What is being asked
Leaving all pictures out, output exactly and only the line containing "La Reina Letizia" and the lines that follow it to the end of the material below.

Source material
##############################

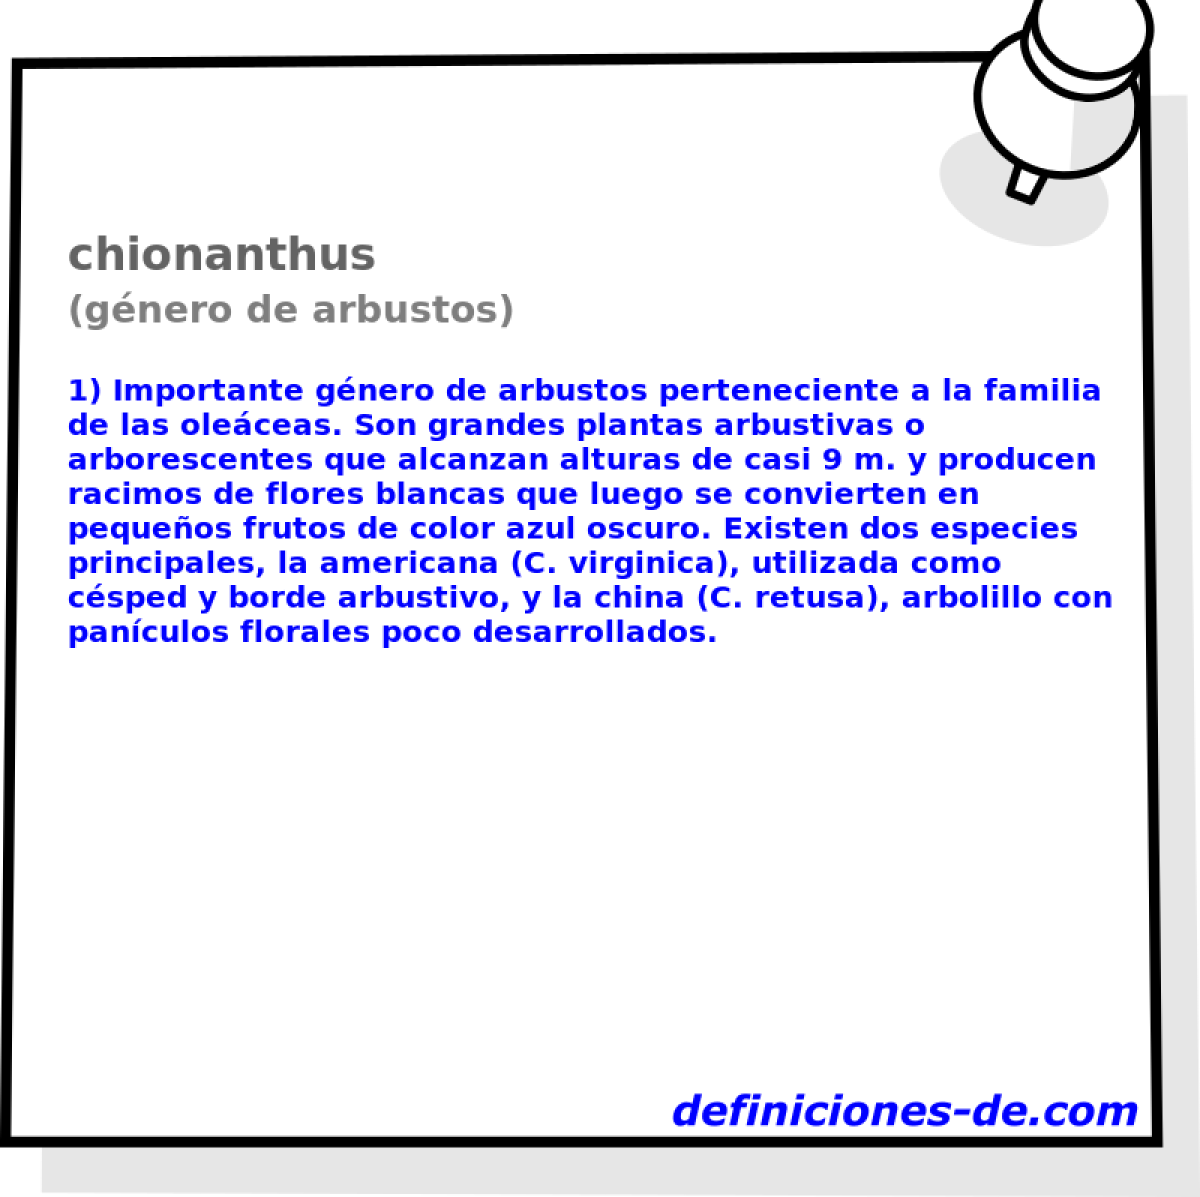 chionanthus (gnero de arbustos)
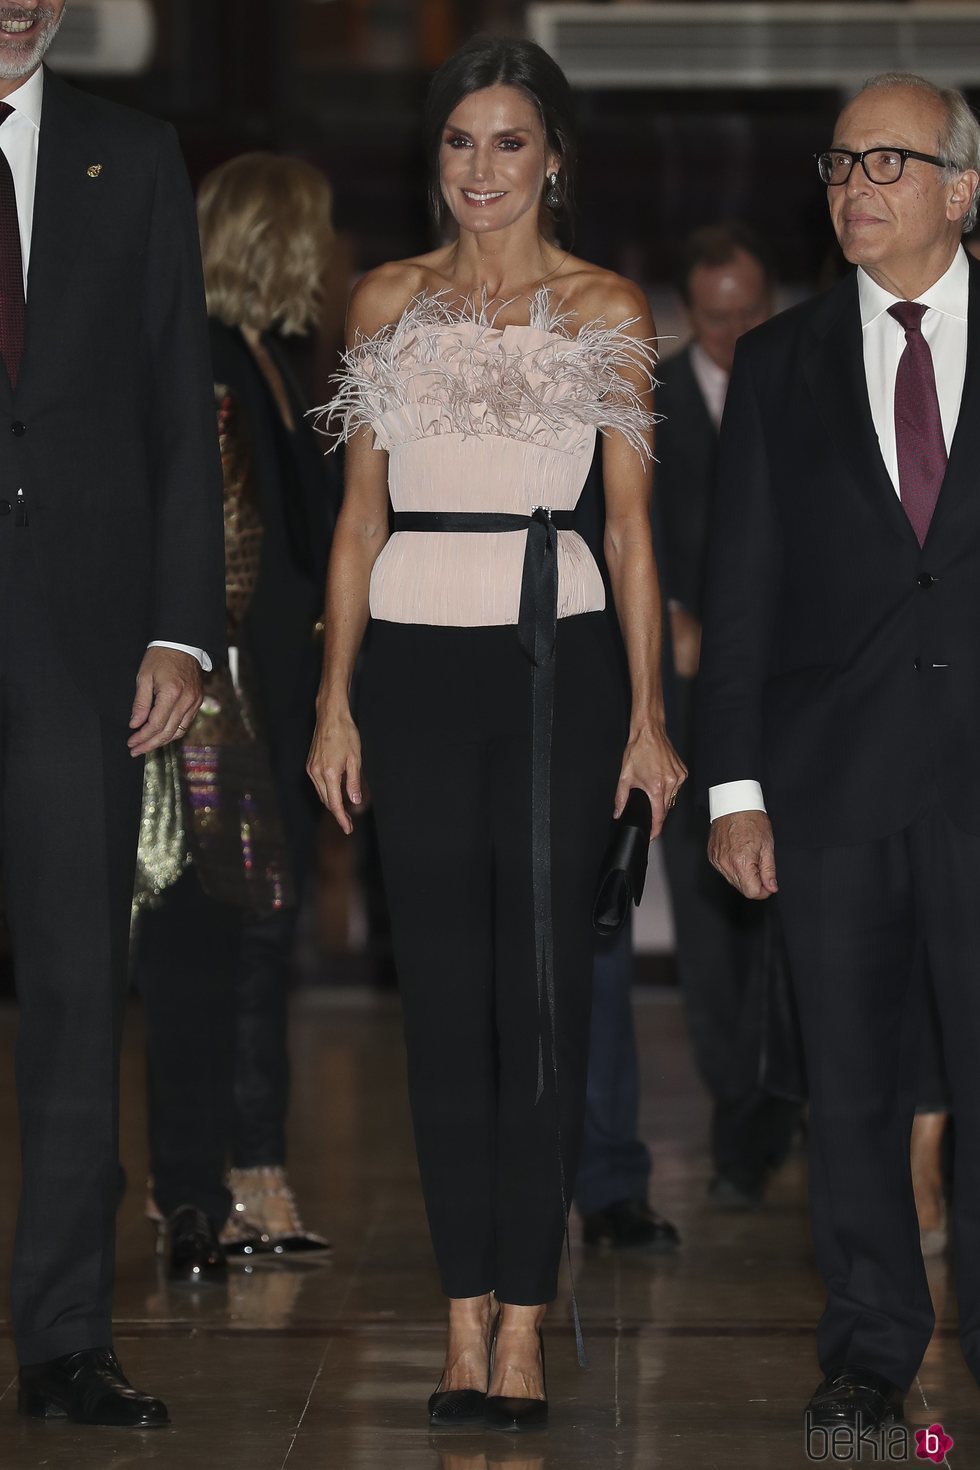 La Reina Letizia luce un top de plumas en el XXVIII Concierto de los Premios Princesa de Asturias
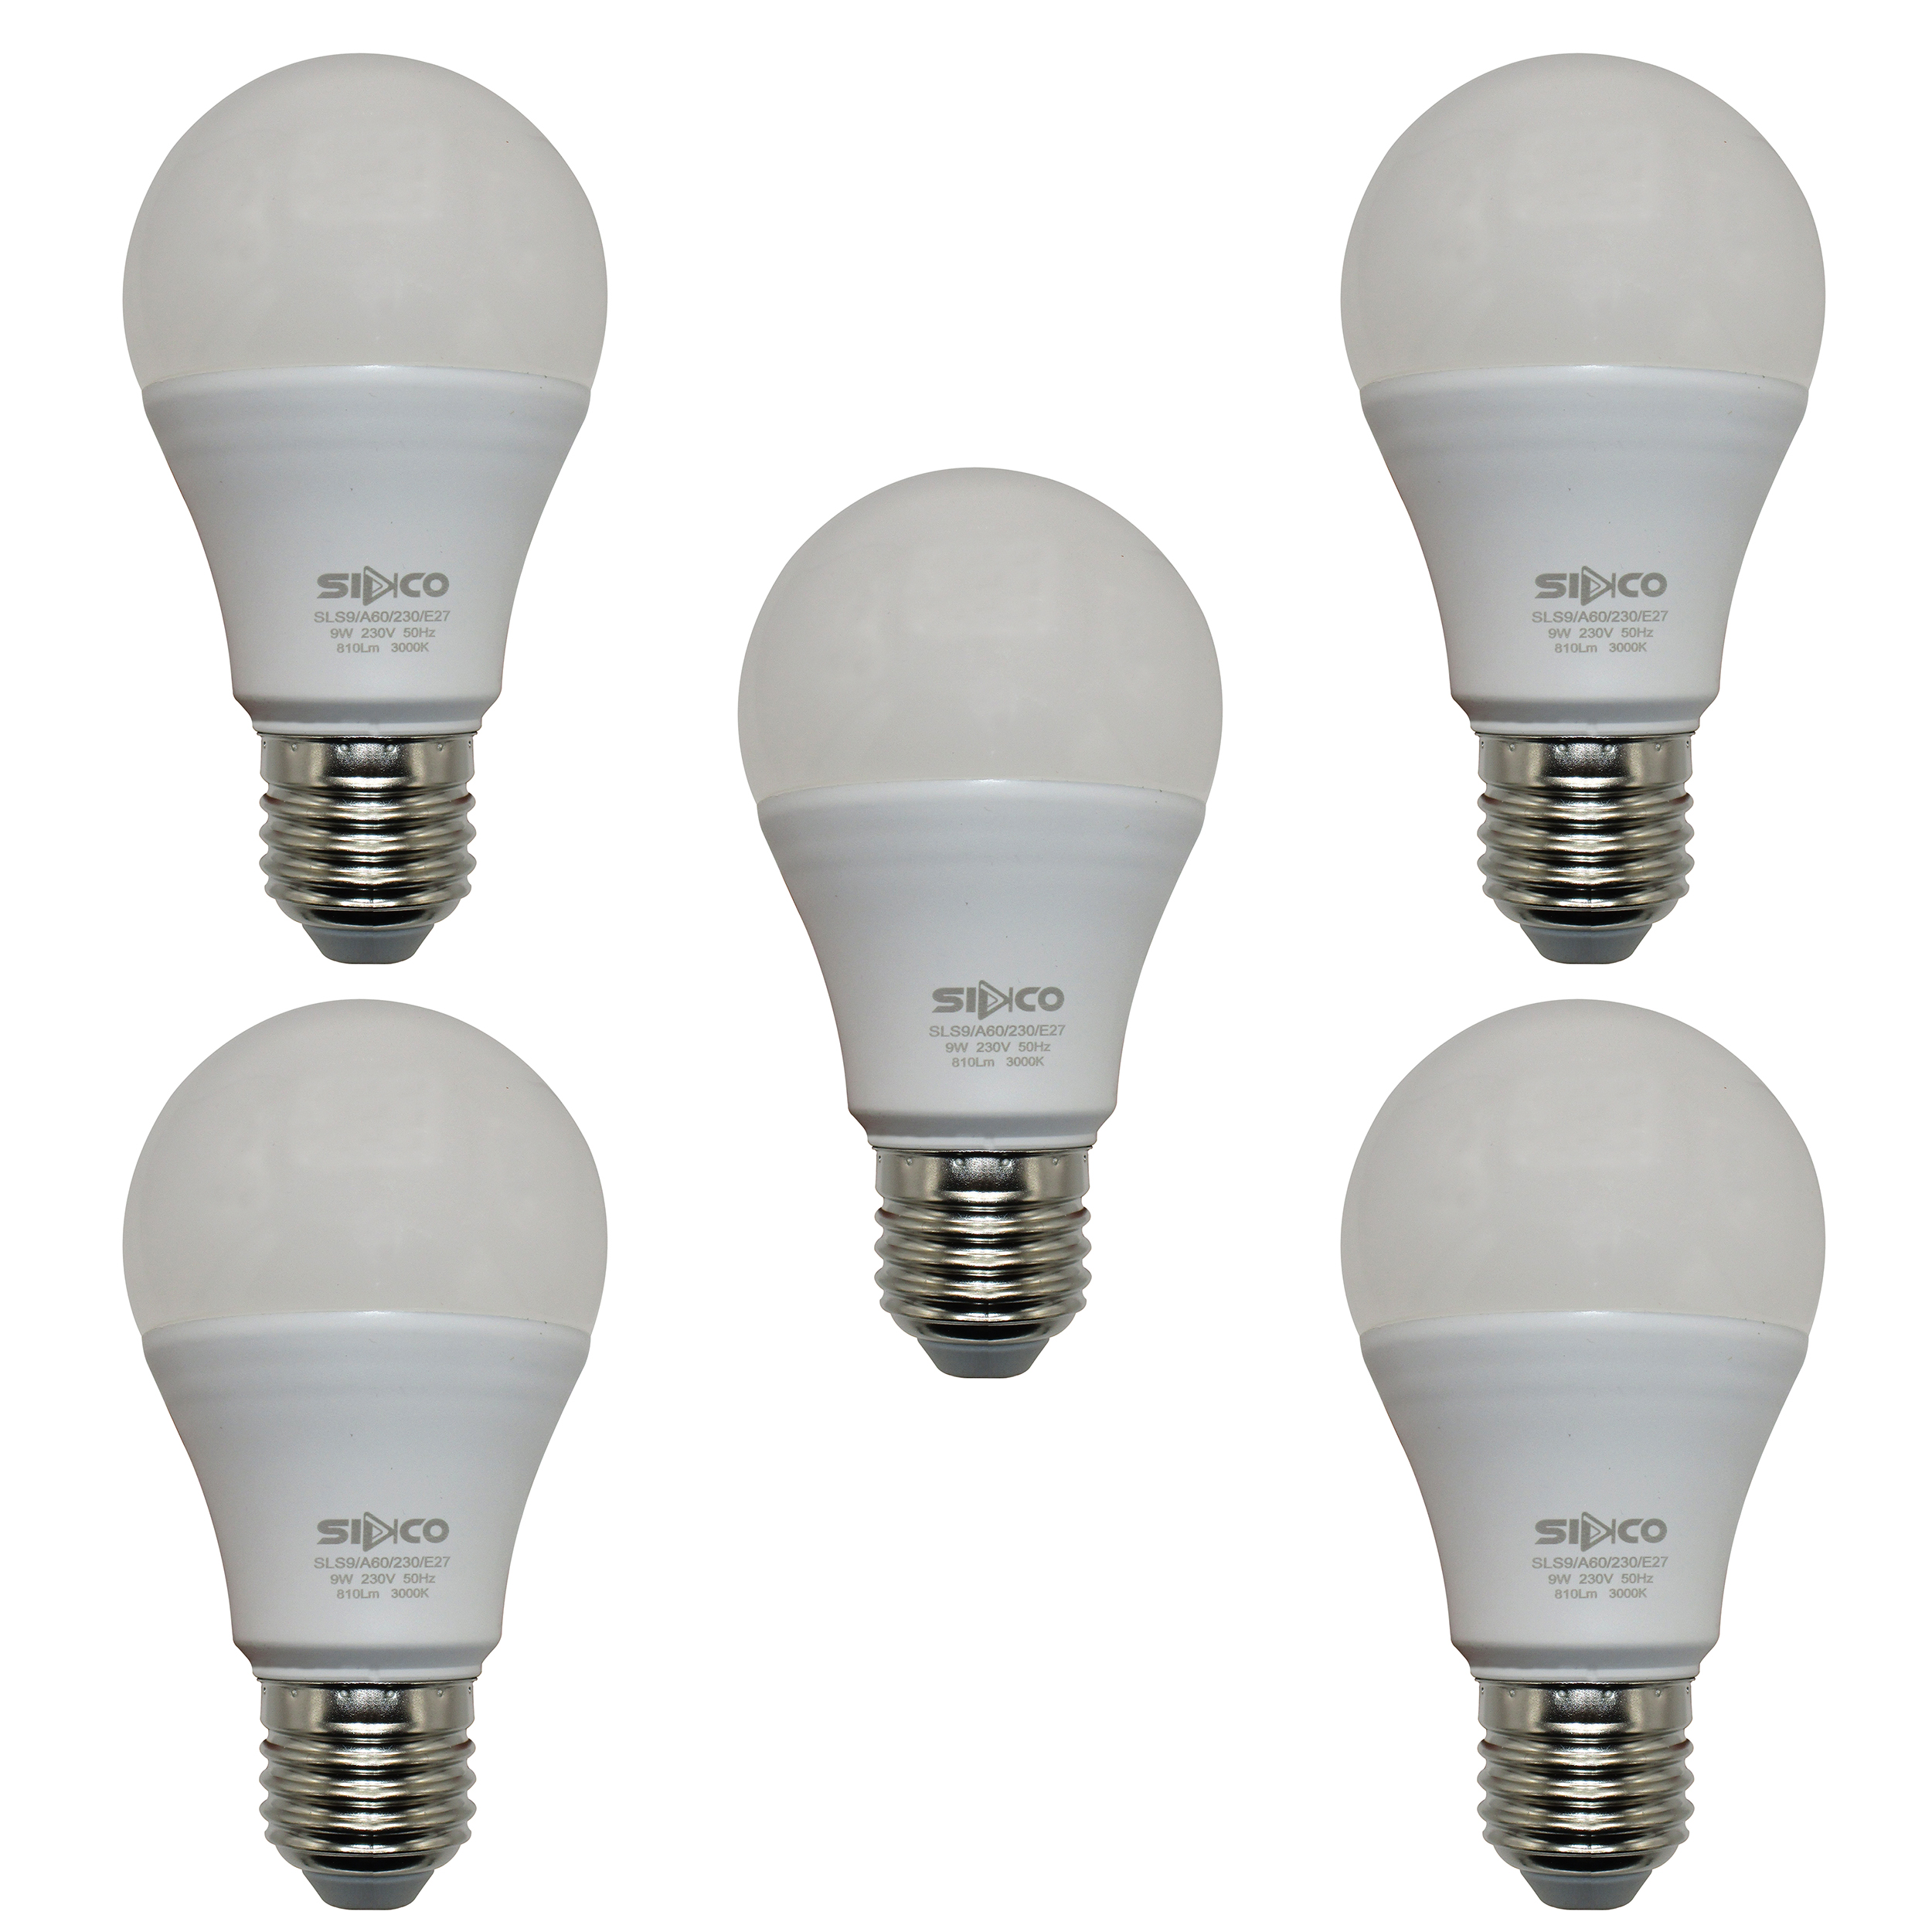 لامپ کم مصرف 9 وات سیدکو مدل Hob1 پایه E27 مجموعه 5 عددی

##############################

Solution for this exercise
 La Reina Letizia luce un top de plumas en el XXVIII Concierto de los Premios Princesa de Asturias
 لامپ کم مصرف 9 وات سیدکو مدل Hob1 پایه E27 مجموعه 5 عددی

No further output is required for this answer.